LA Clippers (C+, #8 Al-Faroq Aminu, #18 Eric Bledsoe, #54 Wilie Warren) - I won't deny the talent here, but all three of these guys seem like disasters in Clipp-town. The type of players I think, "this guy could be good if he gets in the right situation with the right people to develop him." For those of you living on Saturn for the past 20 years, LA Clippers is NOT the right situation. Aminu has a terrible feel for the game, views himself as a perimeter player, and is likely the next Charlie Villanueva. Bledsoe has a lot to learn about being a point guard and a professional. Something tells me he's more likely to regress in those areas playing behind B-Diddy. And Willie Warren in LA? TMZ already has a reporter hiding in his locker...

New Orleans(C #21 Craig Brackins, #26 Quincy Pondexter) - I dock them here because they allowed a conference rival to get a lot better and didn't really do much to improve themselves. Brackins isn't terrible value, but replicates a lot of what David West brings to the table and is physically underwhelming at the NBA level. He can shoot, however. Pondexter should be able to contribute, but I'm not sure how well his game translates.

Orlando (C #29 Daniel Orton, #59 Stanley Robinson) - I don't get the infatuation with Daniel Orton, and probably never will. He's an undersized center with a low ceiling who averaged 3 ppg last year. Why give this guy guaranteed money when there are so many guys you know can contribute left on the board? One of those guys was Stanley Robinson - he's got experience, character, a track record of improvement, the ability to defend multiple positions, and a bit of upside left. Who knows if he actually makes it, but the guy has a shot. 

Dallas (C #25 Dominique Jones) - I'm indifferent here. Jones has great size and some tools to be a rotation player, but also a lot of work to do for a senior. Not sure he was worth a first rounder, but it wouldn't surprise me if he made it. 

Utah (D #9 Gordon Hayward, #55 Jeremy Evans) - Hayward a major reach here. He doesn't have a marketable NBA skill, and is several years away from cracking Utah's rotation. I understand Utah is in "win now" mode, but this is the classic case of basing way too much on an NCAA Tournament run. I don't deny he could become a serviceable rotation player, but he was picked at least 10 spots too high. Jeremy Evans hasn't been heard from since the tournament 2 years ago when he decided to watch Demetri Goodson go the length of the floor for a buzzer beater win instead of defend him (seriously, look it up), and won't be heard from again. I have no idea why he was picked. 

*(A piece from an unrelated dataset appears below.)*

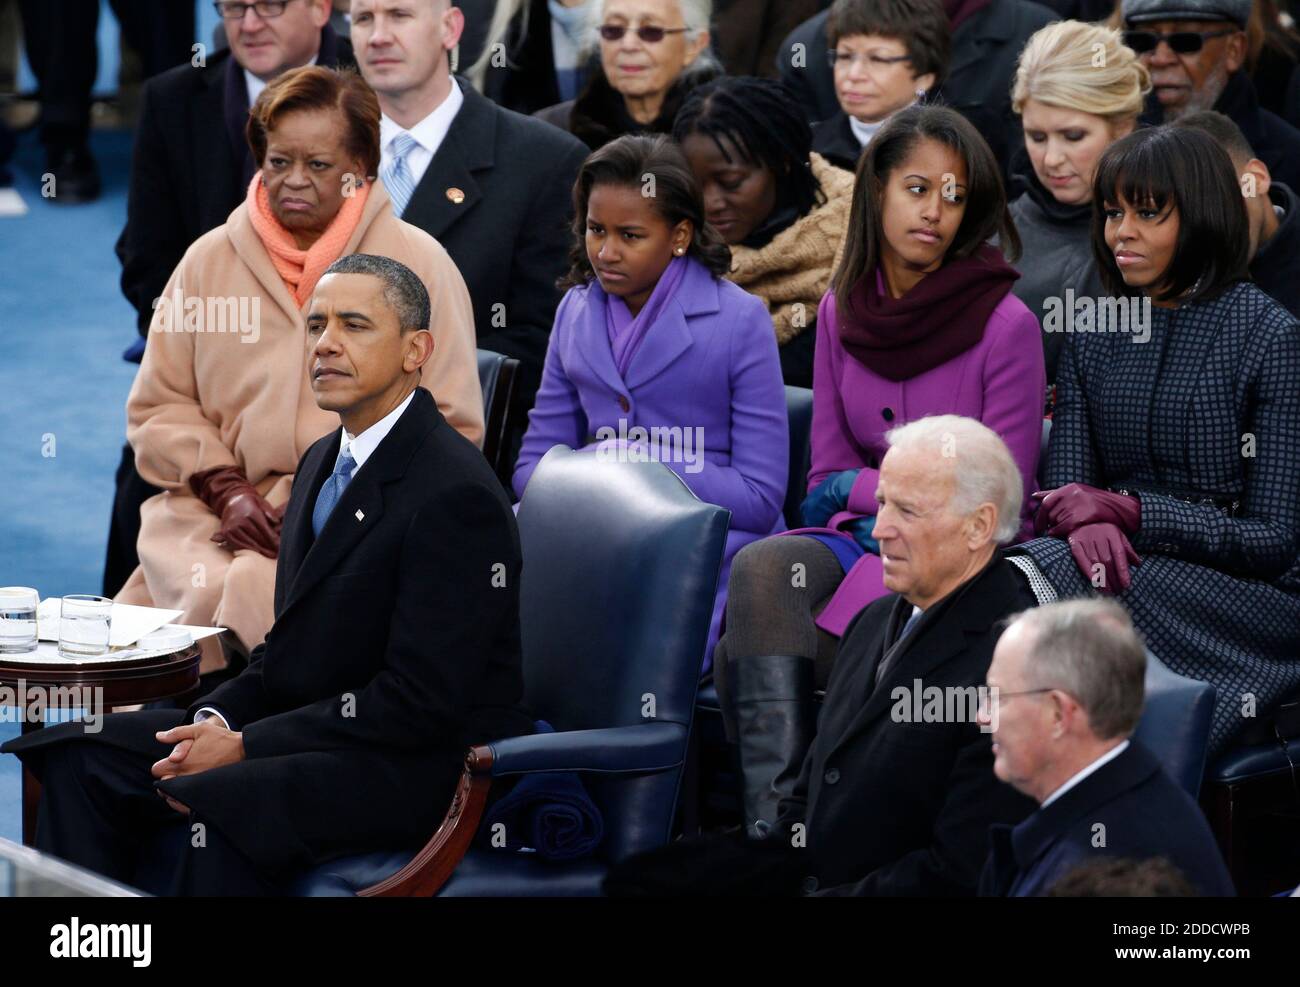 NO FILM, NO VIDEO, NO TV, NO DOCUMENTARY - After delivering his inauguration speech, U.S. President Barack Obama listens to Kelly Clarkson during ceremonies on the West Front of the U.S Capitol in Washington, D.C., January 21, 2013. Photo by Brian Cassella/Chicago Tribune/MCT/ABACAPRESS.COM Stock Photo

New York (D, #38 Andy Rautins, #39 Landry Fields) - Fields intrigued me before the draft, but I'm not sure he's quite athletic enough to make it. Rautins clearly isn't. and I'm not sure why New York decided to throw away their picks. The roster is gutted, and they need players who can contribute even if they do sign the FA's they want. These aren't players who can contribute in a meaningful way. Normally a team with only 2nd round picks can't get below a C in my grading system, but there was talent left on the board here. 

Golden State (D-, #6 Ekpe Udoh) - I realize Udoh has some NBA tools. He completely revolutionized Baylor's defense in his one season on campus, and he does have the makings of an offensive game. At the same time, there were numerous big men that were not only better, but better fits in GS. Udoh is still a very, very raw player and his shot blocking isn't likely to translate as well on the NBA level. I just don't like the pick. 

Minnesota (F, #4 Wesley Johnson, #30 Lazar Hayward, #35 Nemanja Bjelica, #45 Paulo Prestes, Martell Webster) - This franchise is a joke, and I feel sorry that a good guy and legit prospect like Wes Johnson gets stuck there. He is an excellent prospect with all the tools to become an 18-8 SF, but he'll probably never live down getting picked over Cousins. David Kahn will never live down taking Johnson before Cousins. The rest of the draft was a Shakespearean-level farce to the extent of making Kevin McHale look like Jerry West. Martell Webster might have been worth Gomes, throwing in the 16 is just embarrassing. They traded the #23 for #30 and #35, only to see the #24 go for two picks an average of 3.5 spots higher. Drafting a guy at #30 who would almost certainly would have been there at #56 is one thing, picking a guy whose skill set almost completely overlaps with the first two players you drafted is just mind-boggling. Should we just contract the franchise and move on?


----------



## HKF (Dec 10, 2002)

I am not going to criticize anything you've said because I think it's all reasonable. I like Crawford and Udoh I think better than you do and I feel they will be productive NBA players, can't say the same for a few others. Also in regards to Stephenson and Warren, I think the best thing they have going for them is they have zero expectations as second round picks. If they surprise, good, if they don't, well you can spin it as high upside, low risk prospects picked in the 2nd round.


----------



## DaBruins (Jul 30, 2003)

So to sum it all up -- everyone sucks because they didn't take Cousins.


----------



## Jonathan Watters (Jul 20, 2002)

Yes. The teams I gave an A, A- and B all suck because they passed on Cousins. And the 26 teams that didn't pick before Cousins was chosen...they suck too. And the Kings. They definitely suck. 

:whiteflag:


----------



## cpawfan (Jun 20, 2004)

HKF said:


> I am not going to criticize anything you've said because I think it's all reasonable.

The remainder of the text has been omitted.